Created attachment 6462 [details] linux 2.6.9 kernel log
Created attachment 6463 [details] 2.6.9 kernel log
Created attachment 6464 [details] 2.6.10 kernel log
Looking at the dmessage differences, I suspect this is related to changes in the ACPI layer. Here are some snippits of the diff. 2.6.9 vs 2.6.10 -talla kernel: ACPI: BIOS IRQ0 pin2 override ignored. talla kernel: ACPI: INT_SRC_OVR (bus 0 bus_irq 9 global_irq 9 high level) talla kernel: ACPI: INT_SRC_OVR (bus 0 bus_irq 14 global_irq 14 high edge) talla kernel: ACPI: INT_SRC_OVR (bus 0 bus_irq 15 global_irq 15 high edge) +talla kernel: ACPI: IRQ0 used by override. +talla kernel: ACPI: IRQ2 used by override. talla kernel: ACPI: IRQ9 used by override. talla kernel: ACPI: IRQ14 used by override. talla kernel: ACPI: IRQ15 used by override. talla kernel: Enabling APIC mode: Flat.
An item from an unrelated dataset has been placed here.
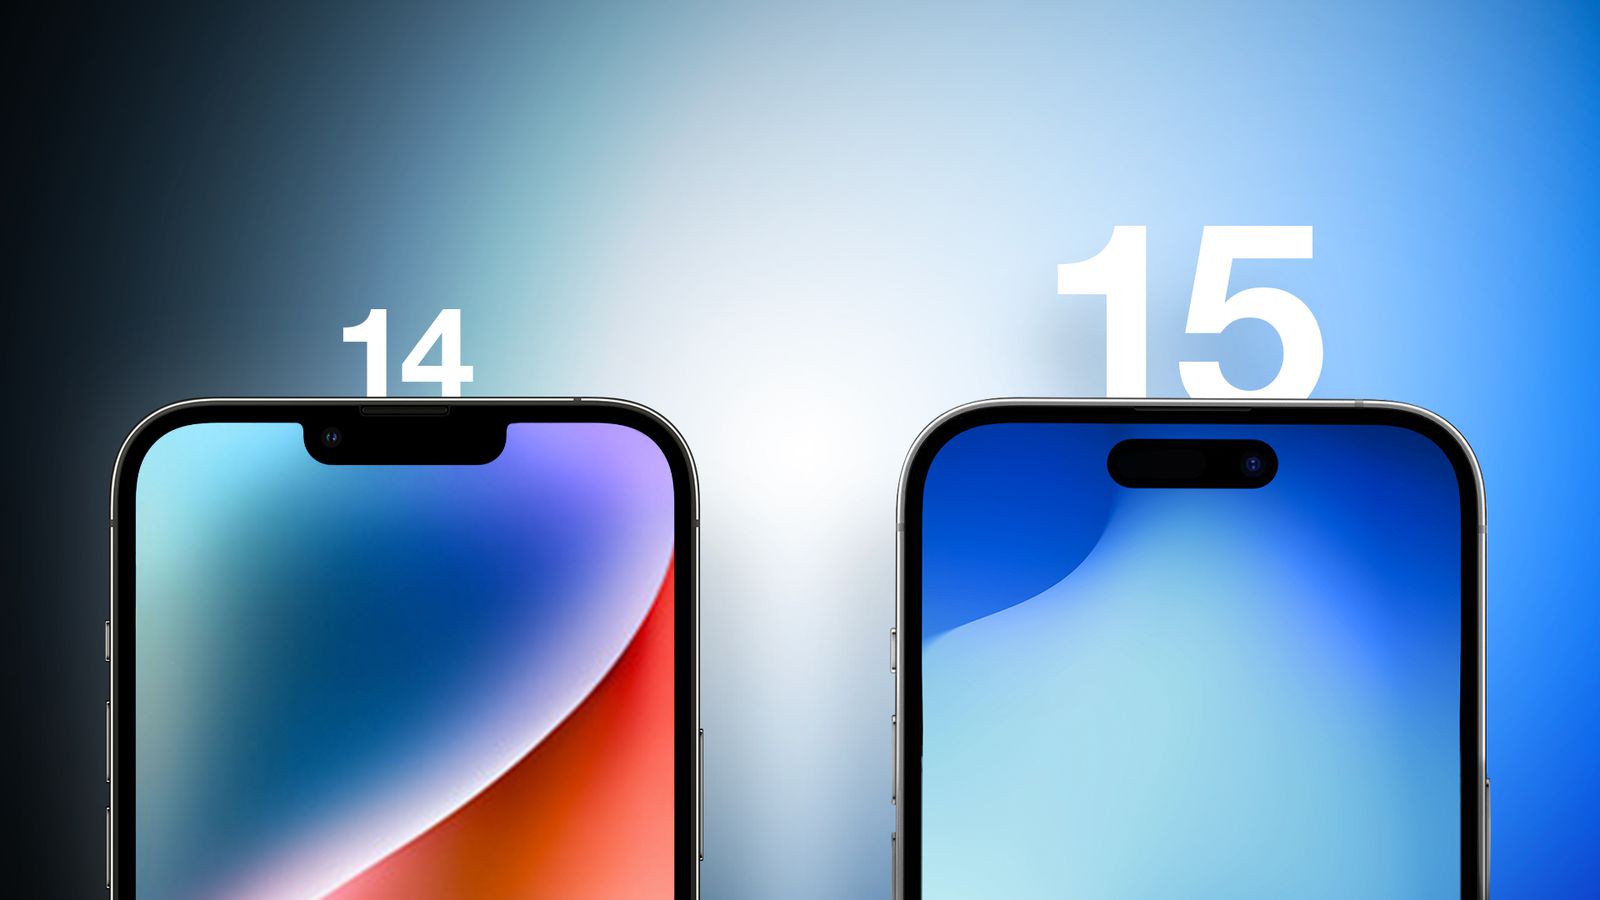 iPhone 14 vs iPhone 15: What are the differences?

Using 1 I/O APICs talla kernel: Using ACPI (MADT) for SMP configuration information talla kernel: Built 1 zonelists -talla kernel: mapped APIC to ffffd000 (fee00000) -talla kernel: mapped IOAPIC to ffffc000 (fec00000) talla kernel: ENABLING IO-APIC IRQs -talla kernel: ..TIMER: vector=0x31 pin1=0 pin2=-1 +talla kernel: ..TIMER: vector=0x31 pin1=2 pin2=-1 +talla kernel: ..MP-BIOS bug: 8254 timer not connected to IO-APIC +talla kernel: ...trying to set up timer (IRQ0) through the 8259A ... failed. +talla kernel: ...trying to set up timer as Virtual Wire IRQ... failed. +talla kernel: ...trying to set up timer as ExtINT IRQ... works. talla kernel: NET: Registered protocol family 16 talla kernel: PCI: PCI BIOS revision 2.10 entry at 0xfbbb0, last bus=3 talla kernel: PCI: Using configuration type 1 talla kernel: mtrr: v2.0 (20020519) -talla kernel: ACPI: Subsystem revision 20041105 +talla kernel: ACPI: Subsystem revision 20040816
From mail to lkml. Here are ioapic related changes from bkcvs gitweb from 2.6.9 to 2.6.10. http://kernel.org/git/?p=linux/kernel/git/torvalds/old-2.6-bkcvs.git;a=commitdiff;h=0b517c442f66f9b1e280ca49d4b215cc3681d4e5;hp=60a7a584ad5a266afa5d7fde5f2828894e615c17 http://kernel.org/git/?p=linux/kernel/git/torvalds/old-2.6-bkcvs.git;a=commitdiff;h=eb3f18413cb759662b34230674fb6f07c9e16e56;hp=e87e2e7669129dc0e8b2959c656650d7ea5c066f
Ack. The diff above in comment #4 is backward. The -'s are 2.6.10 and the +'s are 2.6.9. I mistakenly saved the files with the wrong names. This aligns with Len Brown's note on lkml: "NFORCE2 on an ACPI-enabled kernel should automatically invoke the acpi_skip_timer_override BIOS workaround -- as the NFORCE family of chip-sets have the timer interrupt attached to pin-0, but some of them shipped with a bogus BIOS over-ride telling Linux the timer is on pin-2." Still not sure why the problem crops up after this fix has been included. The reporter is having pretty sever BIOS issues, so until they are resolved, I'm thinking we should mark this as INVALID. Jean-Chrstian: Please reopen this if the problem persists after you get your BIOS issues sorted. Thanks again for the great testing and feedback on lkml!
Just as a followup, Jean-Christian resolved his BIOS confusion and updated to the current BIOS. Now this issue does not appear. I'm marking this as closed.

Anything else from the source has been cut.